* [TASK OBJECTIVE] Every line below must be given again exactly.

----- EXERCISE INPUT

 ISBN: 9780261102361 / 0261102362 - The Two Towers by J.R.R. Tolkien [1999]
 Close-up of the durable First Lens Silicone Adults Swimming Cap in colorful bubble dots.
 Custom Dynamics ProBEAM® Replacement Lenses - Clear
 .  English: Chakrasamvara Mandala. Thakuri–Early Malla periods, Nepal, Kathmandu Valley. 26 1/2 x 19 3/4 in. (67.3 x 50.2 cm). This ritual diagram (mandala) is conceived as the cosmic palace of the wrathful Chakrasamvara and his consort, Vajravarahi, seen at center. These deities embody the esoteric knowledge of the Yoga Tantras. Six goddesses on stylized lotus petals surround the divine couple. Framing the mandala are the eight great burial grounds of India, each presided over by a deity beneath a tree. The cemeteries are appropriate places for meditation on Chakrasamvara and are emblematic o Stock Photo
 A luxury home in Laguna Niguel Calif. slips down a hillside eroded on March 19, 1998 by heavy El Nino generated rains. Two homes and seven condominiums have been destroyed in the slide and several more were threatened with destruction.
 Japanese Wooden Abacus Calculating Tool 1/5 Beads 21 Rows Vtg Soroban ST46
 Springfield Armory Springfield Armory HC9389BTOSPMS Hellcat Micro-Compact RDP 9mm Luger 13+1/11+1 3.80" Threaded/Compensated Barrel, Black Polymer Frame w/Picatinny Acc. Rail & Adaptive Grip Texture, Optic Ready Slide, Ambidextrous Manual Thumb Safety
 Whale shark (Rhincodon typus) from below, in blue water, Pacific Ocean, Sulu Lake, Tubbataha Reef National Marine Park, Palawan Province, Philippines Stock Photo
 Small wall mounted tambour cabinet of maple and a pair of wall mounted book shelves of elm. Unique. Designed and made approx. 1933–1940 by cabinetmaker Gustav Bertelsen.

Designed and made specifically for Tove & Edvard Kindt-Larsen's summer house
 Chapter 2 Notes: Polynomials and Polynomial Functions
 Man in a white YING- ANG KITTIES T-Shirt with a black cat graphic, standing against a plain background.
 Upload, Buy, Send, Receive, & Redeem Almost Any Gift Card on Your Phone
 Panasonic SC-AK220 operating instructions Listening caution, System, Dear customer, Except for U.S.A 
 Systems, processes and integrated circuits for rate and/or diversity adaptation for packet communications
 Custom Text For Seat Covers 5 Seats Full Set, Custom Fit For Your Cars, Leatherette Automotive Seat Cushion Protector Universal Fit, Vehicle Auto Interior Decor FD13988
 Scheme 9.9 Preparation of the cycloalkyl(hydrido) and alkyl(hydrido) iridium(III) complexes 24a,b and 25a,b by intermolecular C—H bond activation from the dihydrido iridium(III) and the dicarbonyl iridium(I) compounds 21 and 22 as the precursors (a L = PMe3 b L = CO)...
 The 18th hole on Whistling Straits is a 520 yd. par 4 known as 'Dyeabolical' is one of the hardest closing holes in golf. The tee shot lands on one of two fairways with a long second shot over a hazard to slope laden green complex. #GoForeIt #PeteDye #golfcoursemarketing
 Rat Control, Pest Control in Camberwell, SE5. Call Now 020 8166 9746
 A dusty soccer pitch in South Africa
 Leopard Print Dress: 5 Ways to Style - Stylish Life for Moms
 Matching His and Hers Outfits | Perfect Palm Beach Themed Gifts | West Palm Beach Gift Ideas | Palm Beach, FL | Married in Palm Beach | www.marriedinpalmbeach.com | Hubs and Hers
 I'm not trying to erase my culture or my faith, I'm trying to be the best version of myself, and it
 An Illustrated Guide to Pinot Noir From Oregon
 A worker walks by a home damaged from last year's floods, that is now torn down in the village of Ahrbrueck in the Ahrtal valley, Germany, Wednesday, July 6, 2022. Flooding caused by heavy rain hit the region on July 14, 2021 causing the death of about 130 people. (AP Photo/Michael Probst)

----------

* [RESPONSE AREA]
 ISBN: 9780261102361 / 0261102362 - The Two Towers by J.R.R. Tolkien [1999]
 Close-up of the durable First Lens Silicone Adults Swimming Cap in colorful bubble dots.
 Custom Dynamics ProBEAM® Replacement Lenses - Clear
 .  English: Chakrasamvara Mandala. Thakuri–Early Malla periods, Nepal, Kathmandu Valley. 26 1/2 x 19 3/4 in. (67.3 x 50.2 cm). This ritual diagram (mandala) is conceived as the cosmic palace of the wrathful Chakrasamvara and his consort, Vajravarahi, seen at center. These deities embody the esoteric knowledge of the Yoga Tantras. Six goddesses on stylized lotus petals surround the divine couple. Framing the mandala are the eight great burial grounds of India, each presided over by a deity beneath a tree. The cemeteries are appropriate places for meditation on Chakrasamvara and are emblematic o Stock Photo
 A luxury home in Laguna Niguel Calif. slips down a hillside eroded on March 19, 1998 by heavy El Nino generated rains. Two homes and seven condominiums have been destroyed in the slide and several more were threatened with destruction.
 Japanese Wooden Abacus Calculating Tool 1/5 Beads 21 Rows Vtg Soroban ST46
 Springfield Armory Springfield Armory HC9389BTOSPMS Hellcat Micro-Compact RDP 9mm Luger 13+1/11+1 3.80" Threaded/Compensated Barrel, Black Polymer Frame w/Picatinny Acc. Rail & Adaptive Grip Texture, Optic Ready Slide, Ambidextrous Manual Thumb Safety
 Whale shark (Rhincodon typus) from below, in blue water, Pacific Ocean, Sulu Lake, Tubbataha Reef National Marine Park, Palawan Province, Philippines Stock Photo
 Small wall mounted tambour cabinet of maple and a pair of wall mounted book shelves of elm. Unique. Designed and made approx. 1933–1940 by cabinetmaker Gustav Bertelsen.

Designed and made specifically for Tove & Edvard Kindt-Larsen's summer house
 Chapter 2 Notes: Polynomials and Polynomial Functions
 Man in a white YING- ANG KITTIES T-Shirt with a black cat graphic, standing against a plain background.
 Upload, Buy, Send, Receive, & Redeem Almost Any Gift Card on Your Phone
 Panasonic SC-AK220 operating instructions Listening caution, System, Dear customer, Except for U.S.A 
 Systems, processes and integrated circuits for rate and/or diversity adaptation for packet communications
 Custom Text For Seat Covers 5 Seats Full Set, Custom Fit For Your Cars, Leatherette Automotive Seat Cushion Protector Universal Fit, Vehicle Auto Interior Decor FD13988
 Scheme 9.9 Preparation of the cycloalkyl(hydrido) and alkyl(hydrido) iridium(III) complexes 24a,b and 25a,b by intermolecular C—H bond activation from the dihydrido iridium(III) and the dicarbonyl iridium(I) compounds 21 and 22 as the precursors (a L = PMe3 b L = CO)...
 The 18th hole on Whistling Straits is a 520 yd. par 4 known as 'Dyeabolical' is one of the hardest closing holes in golf. The tee shot lands on one of two fairways with a long second shot over a hazard to slope laden green complex. #GoForeIt #PeteDye #golfcoursemarketing
 Rat Control, Pest Control in Camberwell, SE5. Call Now 020 8166 9746
 A dusty soccer pitch in South Africa
 Leopard Print Dress: 5 Ways to Style - Stylish Life for Moms
 Matching His and Hers Outfits | Perfect Palm Beach Themed Gifts | West Palm Beach Gift Ideas | Palm Beach, FL | Married in Palm Beach | www.marriedinpalmbeach.com | Hubs and Hers
 I'm not trying to erase my culture or my faith, I'm trying to be the best version of myself, and it
 An Illustrated Guide to Pinot Noir From Oregon
 A worker walks by a home damaged from last year's floods, that is now torn down in the village of Ahrbrueck in the Ahrtal valley, Germany, Wednesday, July 6, 2022. Flooding caused by heavy rain hit the region on July 14, 2021 causing the death of about 130 people. (AP Photo/Michael Probst)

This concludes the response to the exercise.